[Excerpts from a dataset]
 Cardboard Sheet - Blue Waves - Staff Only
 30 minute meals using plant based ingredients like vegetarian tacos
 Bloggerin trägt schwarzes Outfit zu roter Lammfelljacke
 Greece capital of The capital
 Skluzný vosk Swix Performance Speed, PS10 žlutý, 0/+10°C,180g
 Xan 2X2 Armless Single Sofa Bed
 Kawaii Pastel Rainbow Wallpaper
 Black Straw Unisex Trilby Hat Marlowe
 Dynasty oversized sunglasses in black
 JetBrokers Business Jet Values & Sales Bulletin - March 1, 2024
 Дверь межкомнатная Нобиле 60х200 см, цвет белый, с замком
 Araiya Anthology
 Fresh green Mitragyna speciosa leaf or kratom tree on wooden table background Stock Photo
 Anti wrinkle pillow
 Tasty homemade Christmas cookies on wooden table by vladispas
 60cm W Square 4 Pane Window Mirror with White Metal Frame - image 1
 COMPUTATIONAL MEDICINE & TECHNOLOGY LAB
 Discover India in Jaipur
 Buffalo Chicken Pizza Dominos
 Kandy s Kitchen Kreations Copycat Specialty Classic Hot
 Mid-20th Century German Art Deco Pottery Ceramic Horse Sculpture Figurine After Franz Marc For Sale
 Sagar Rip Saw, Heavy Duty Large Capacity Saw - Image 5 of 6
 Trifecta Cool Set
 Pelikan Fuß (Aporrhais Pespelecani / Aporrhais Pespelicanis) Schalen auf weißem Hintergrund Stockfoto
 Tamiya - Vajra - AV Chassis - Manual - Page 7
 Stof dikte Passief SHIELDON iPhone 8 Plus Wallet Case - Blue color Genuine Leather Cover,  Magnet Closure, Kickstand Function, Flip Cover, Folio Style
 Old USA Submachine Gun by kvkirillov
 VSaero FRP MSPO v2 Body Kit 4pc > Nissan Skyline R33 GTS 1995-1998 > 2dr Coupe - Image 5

**WORK TASK**
Your task is to retype the entries verbatim, starting with the line that holds "Tasty homemade Christmas" and stopping after the line that holds "Tamiya - Vajra".

**RESULT OF THE EXERCISE**
 Tasty homemade Christmas cookies on wooden table by vladispas
 60cm W Square 4 Pane Window Mirror with White Metal Frame - image 1
 COMPUTATIONAL MEDICINE & TECHNOLOGY LAB
 Discover India in Jaipur
 Buffalo Chicken Pizza Dominos
 Kandy s Kitchen Kreations Copycat Specialty Classic Hot
 Mid-20th Century German Art Deco Pottery Ceramic Horse Sculpture Figurine After Franz Marc For Sale
 Sagar Rip Saw, Heavy Duty Large Capacity Saw - Image 5 of 6
 Trifecta Cool Set
 Pelikan Fuß (Aporrhais Pespelecani / Aporrhais Pespelicanis) Schalen auf weißem Hintergrund Stockfoto
 Tamiya - Vajra - AV Chassis - Manual - Page 7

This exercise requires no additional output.